[[ INFORMATION PROVIDED open ]]

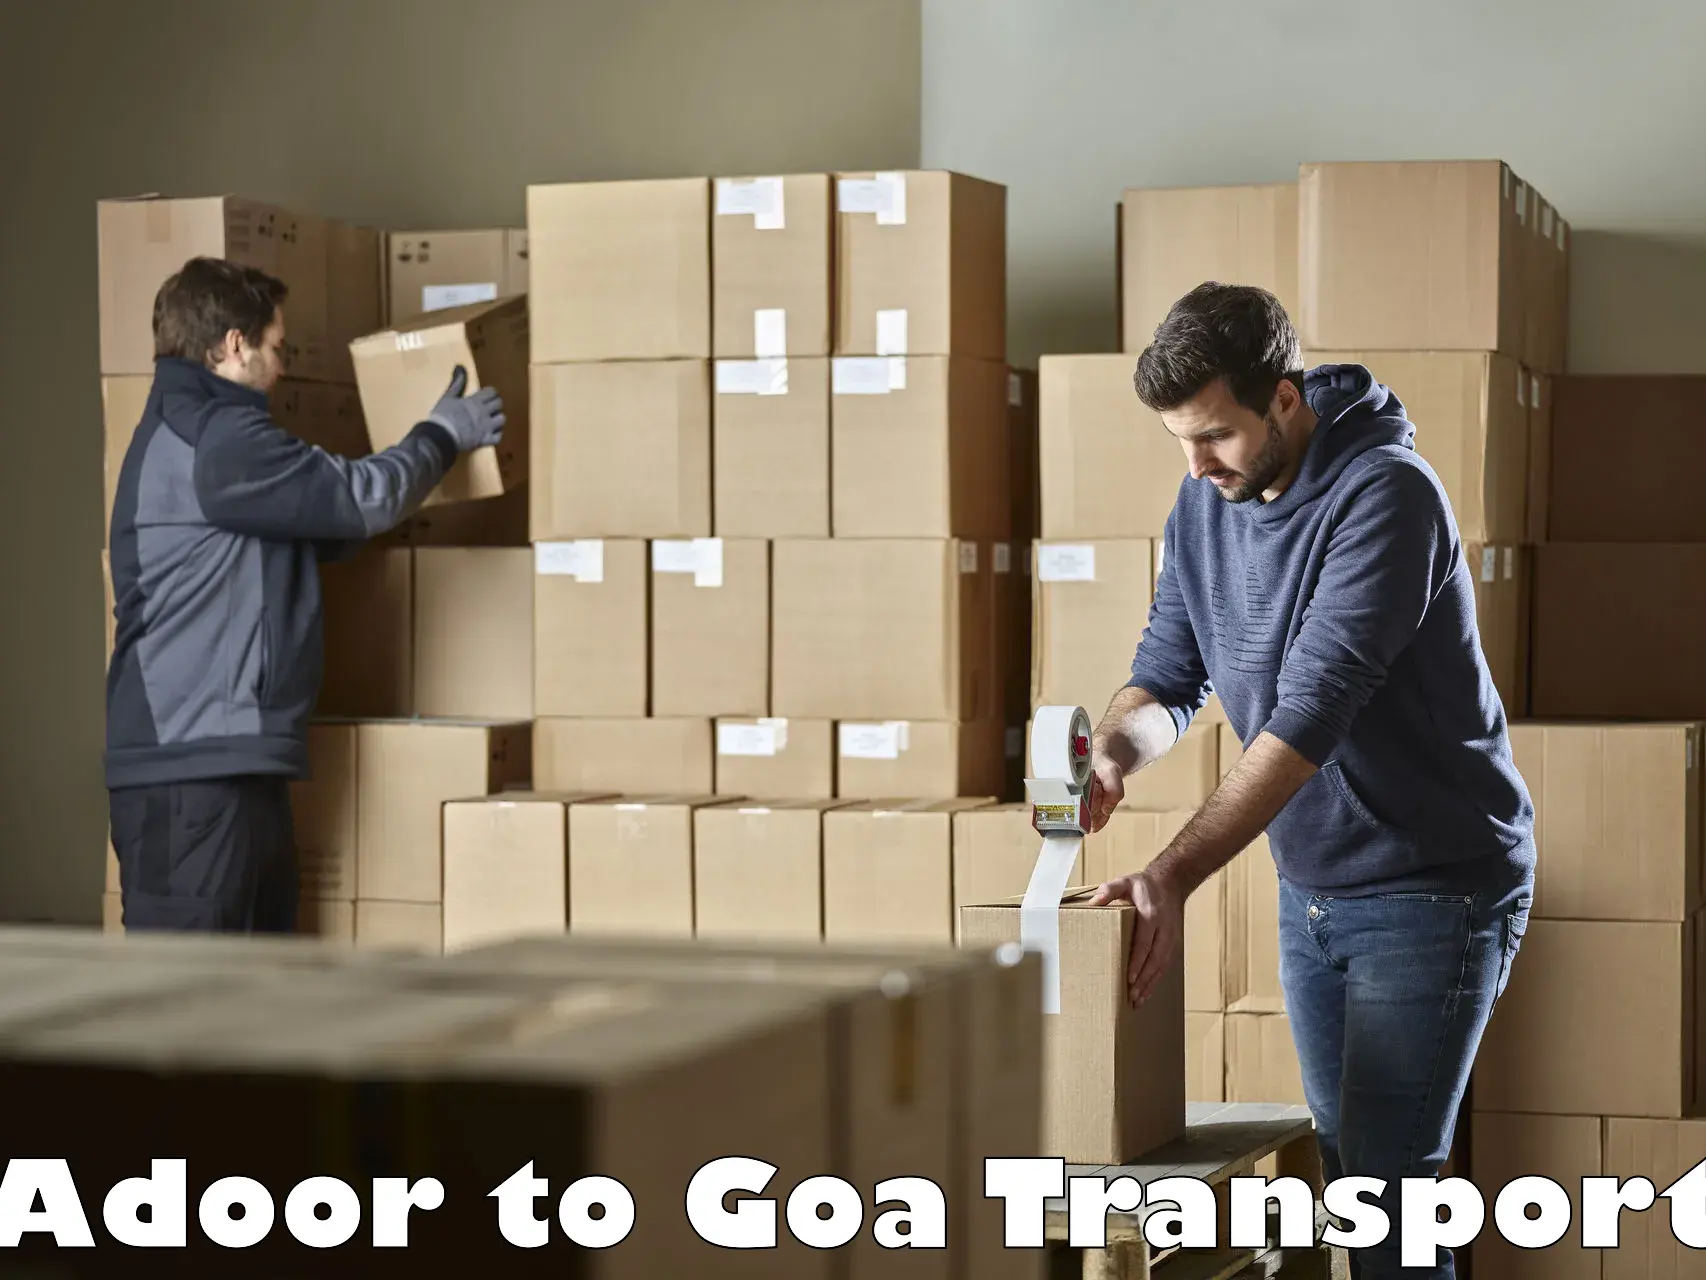 Cycle transportation service Adoor to Goa
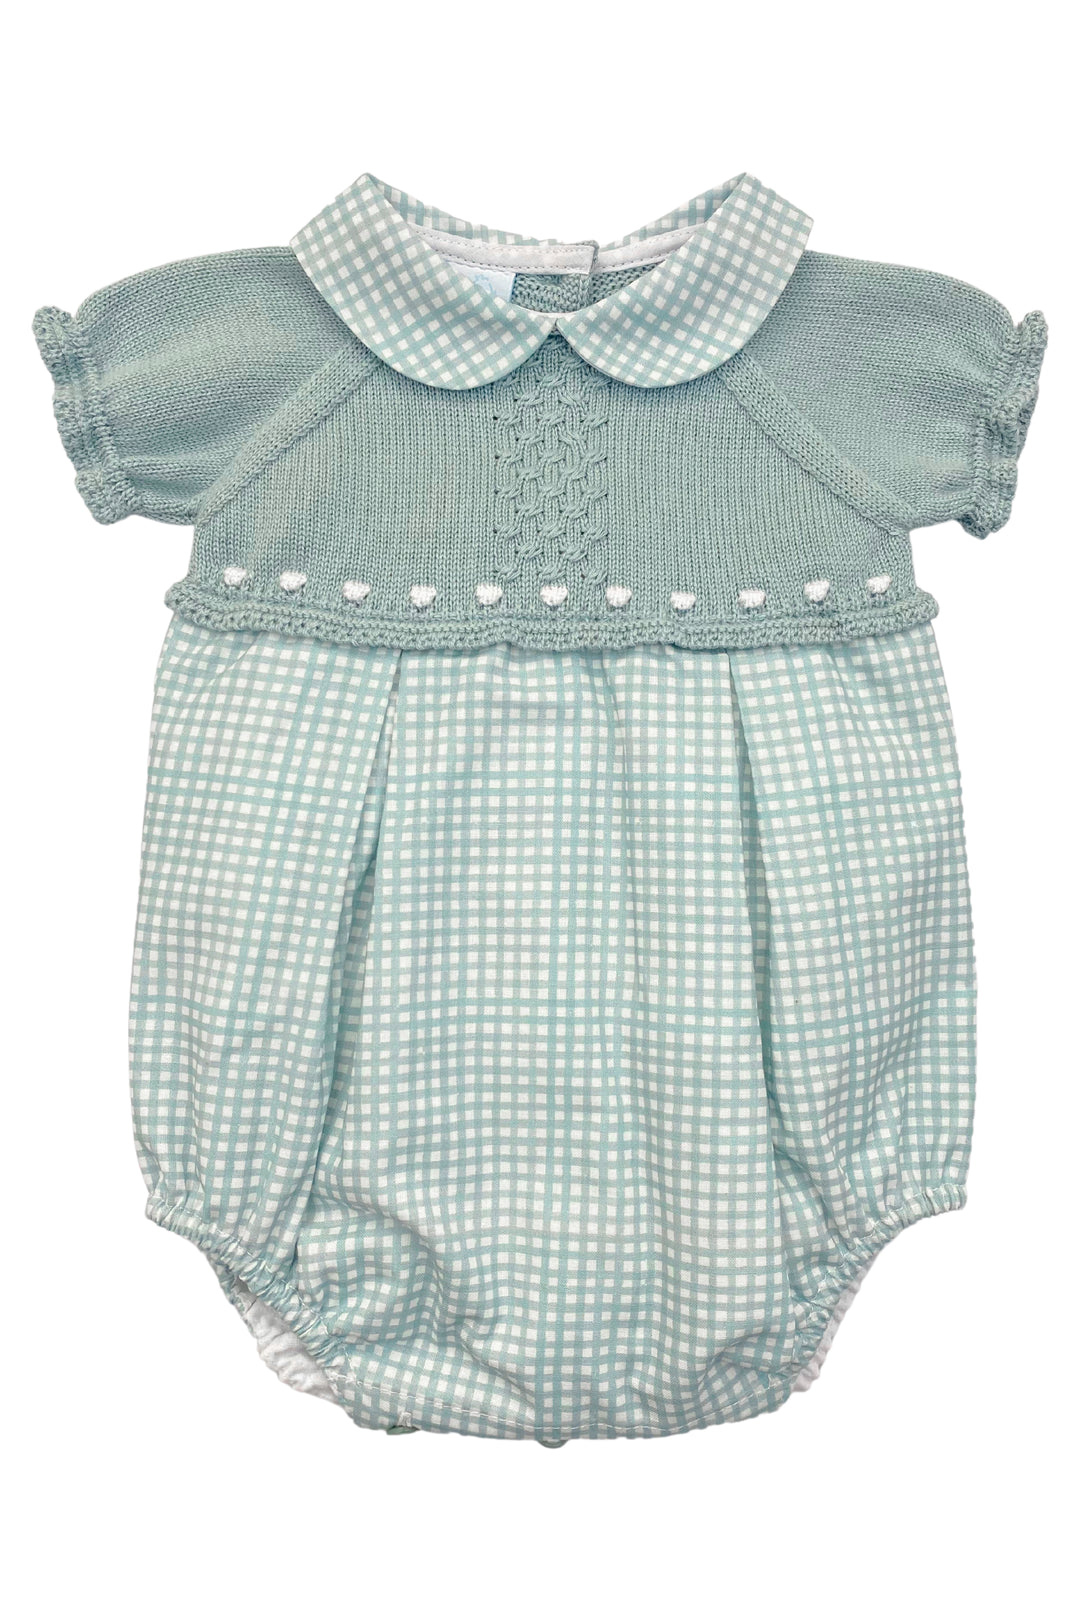 Granlei "Beckett" Teal Half Knit Checked Romper | iphoneandroidapplications
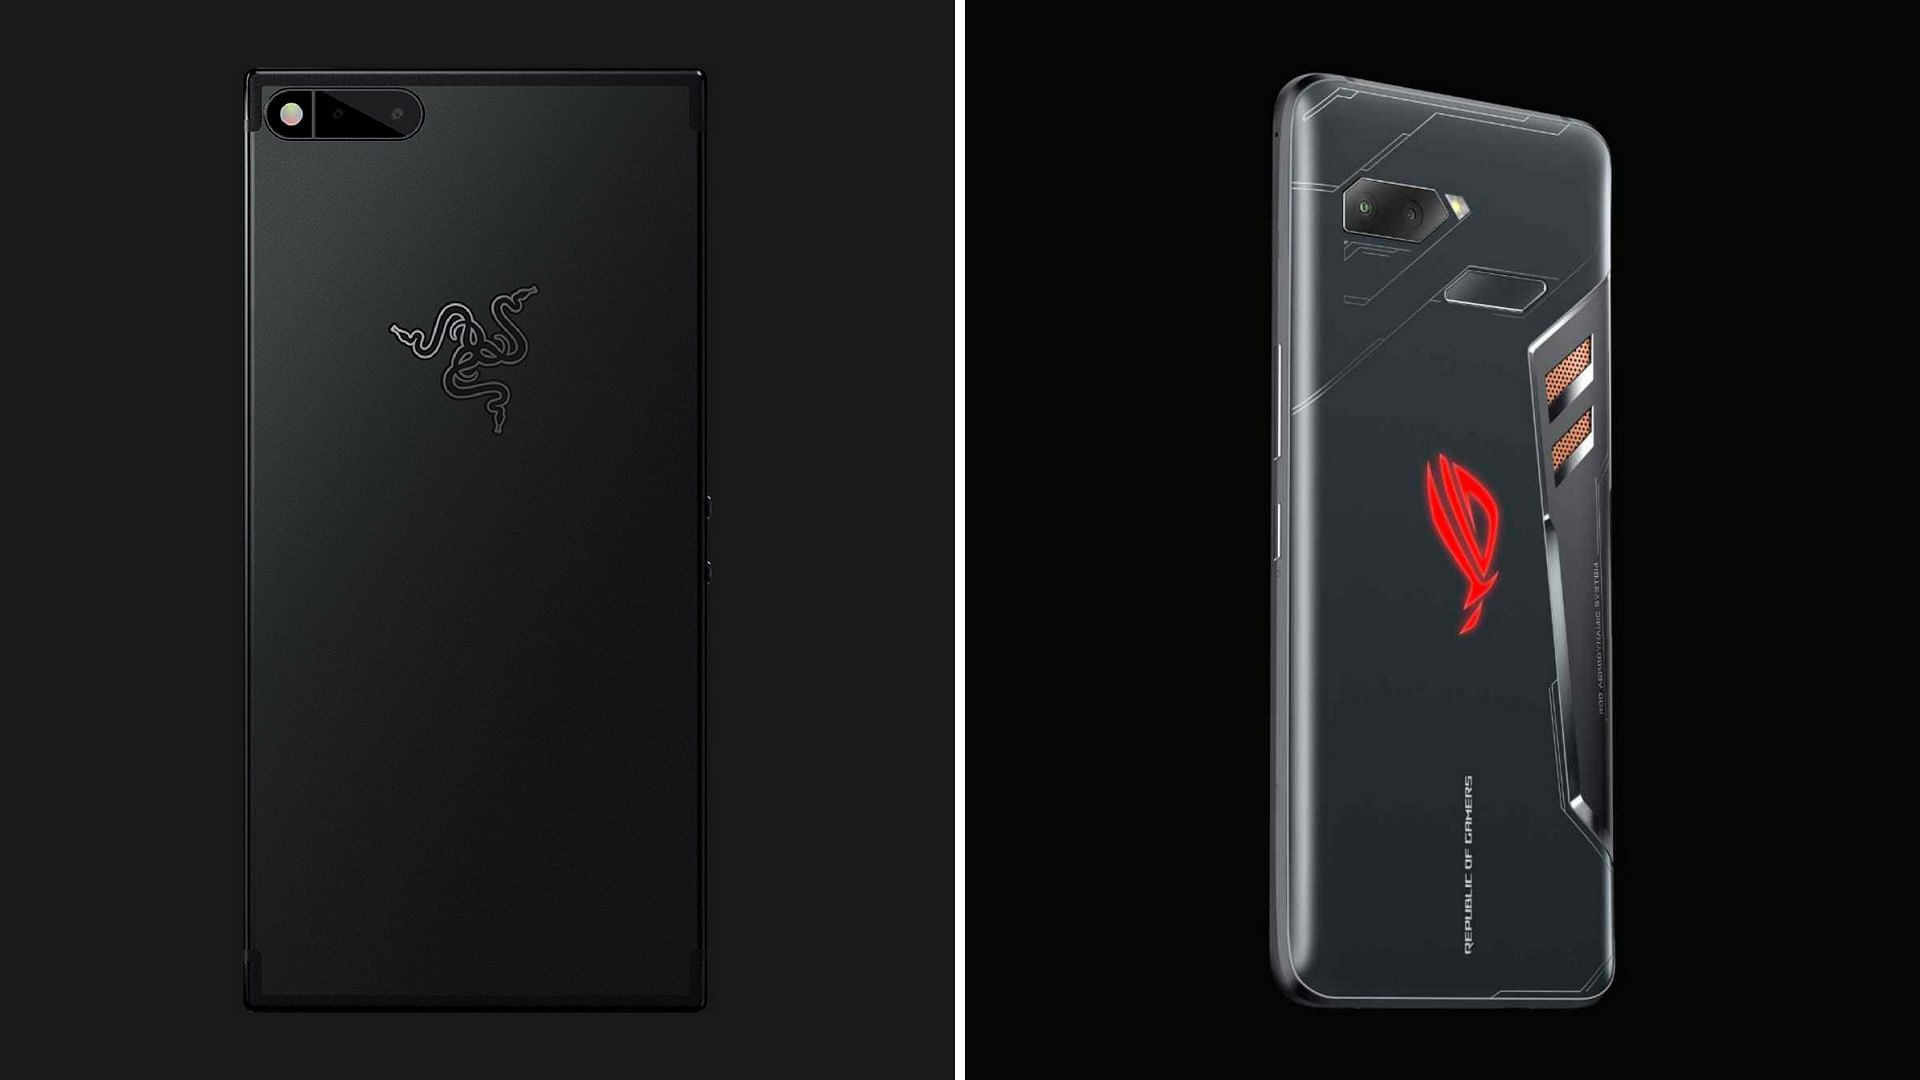 The Razer Phone when launched in India will be pitted against the Asus ROG Phone.

[[ INFORMATION PROVIDED closed ]]

→ WHAT YOU NEED TO DO
Pictures aside, transcribe exactly the lines from the line containing "Romper | iphoneandroidapplications" through the final line of the material above.

→ OUTPUT OF THE TASK
 Granlei "Beckett" Teal Half Knit Checked Romper | iphoneandroidapplications
 The Razer Phone when launched in India will be pitted against the Asus ROG Phone.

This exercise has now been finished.